Ce vendredi, la Manif pour tous s’est fendu d’un communiqué sur son site web où elle « demande des excuses à Claude Bartolone » qui l’a qualifiée, à juste titre, de « mouvement obscène de négation de la modernité, menaçant ainsi le droit se s’aimer ». Et dix balles et un Mars aussi, tant qu’on y est ?

Le mouvement homophobe, dirigé par la « catho-tradi » Ludovine de La Rochère, pousse des cris d’orfraie auxquels nous sommes habitués depuis beaucoup trop longtemps, hélas : « Quelle insulte pour les millions de Français qui se mobilisent depuis plus de 3 ans sous les couleurs de la Manif pour tous pour alerter sur les dangers du « changement de civilisation » revendiqué par le président de la République et sa majorité parlementaire. Quelle insulte pour toutes les familles atteintes par une politique familiphobe et un mépris tel que M. Bartolone n’a même pas pris la peine de répondre à l’invitation à venir parler paisiblement de son projet pour la région Ile de France et ses habitants lors du meeting organisé par la Manif pour tous à Paris le 28 novembre dernier ». Des « millions de Français », rien que ça ? Et pouquoi pas des milliards, hein ? Et puis, si Claude Bartonole n’a pas envie de côtoyer un mouvement homophobe, c’est plutôt tout à son honneur.

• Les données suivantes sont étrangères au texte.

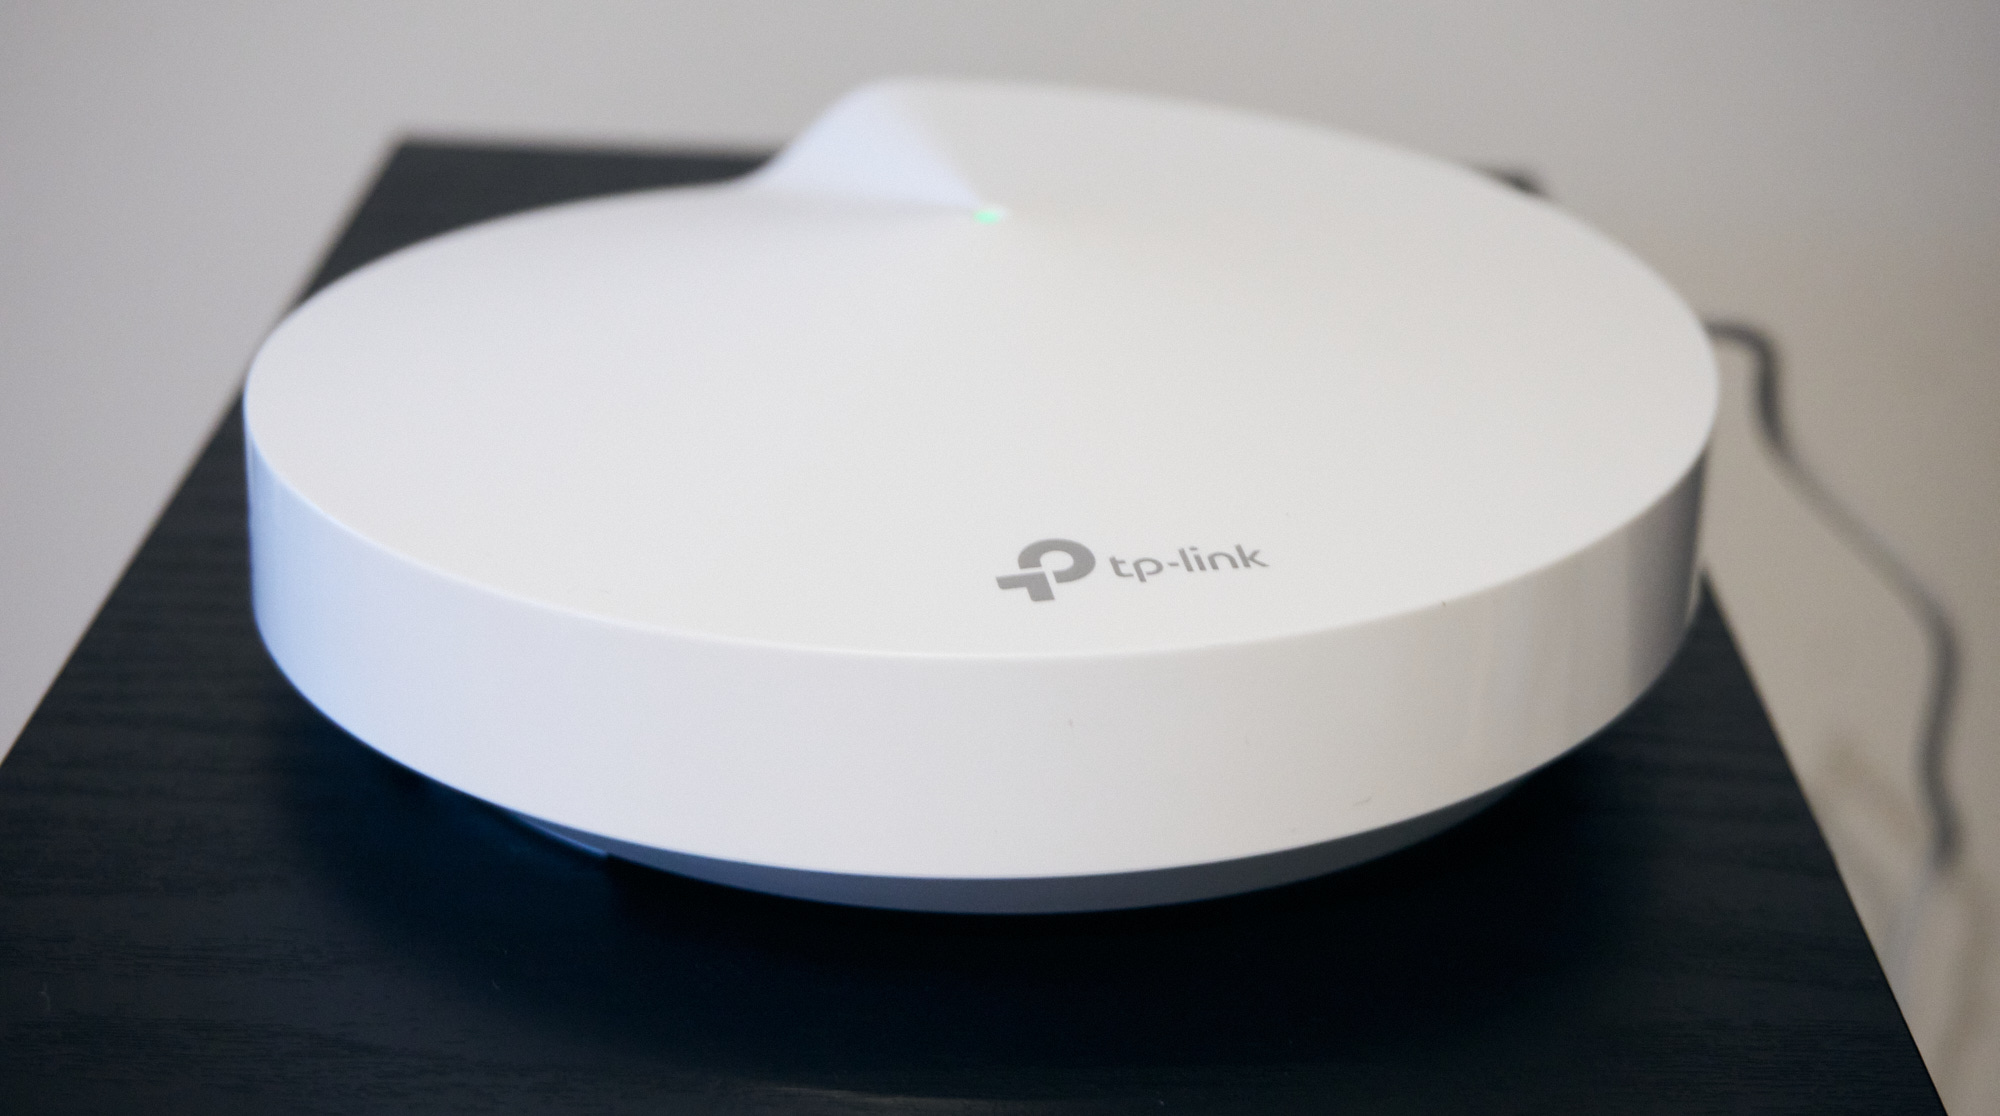 Lekarstwo na problemy z WiFi: TP-Link Deco M9 Plus (recenzja) 9

Fidèle à son habitude, la Manif pour tous tente de justifier son combat d’arrière-garde nauséabond en abordant le sujet de la GPA (gestation pour autrui), qui est pourtant strictement interdite en France (pour tous les couples, hétérosexuels ou homosexuels) : « Si « mouvement obscène de négation de la modernité, menaçant ainsi le droit de s’aimer » il y a, c’est assurément du côté des partisans de la GPA (gestation pour autrui) qu’on peut les trouver. Comment peut-on militer pour la fabrication d’enfants sur commande, délibérément arrachés à leur mère dès la naissance ? Comment peut on considérer comme moderne le retour à l’asservissement des femmes, pour ne pas dire à l’esclavage, lorsque l’on voit fleurir des usines à bébés dans les pays pauvres. Car bien entendu, la GPA est un marché juteux qui cible les personnes aisées au détriment des plus faibles, des plus pauvres.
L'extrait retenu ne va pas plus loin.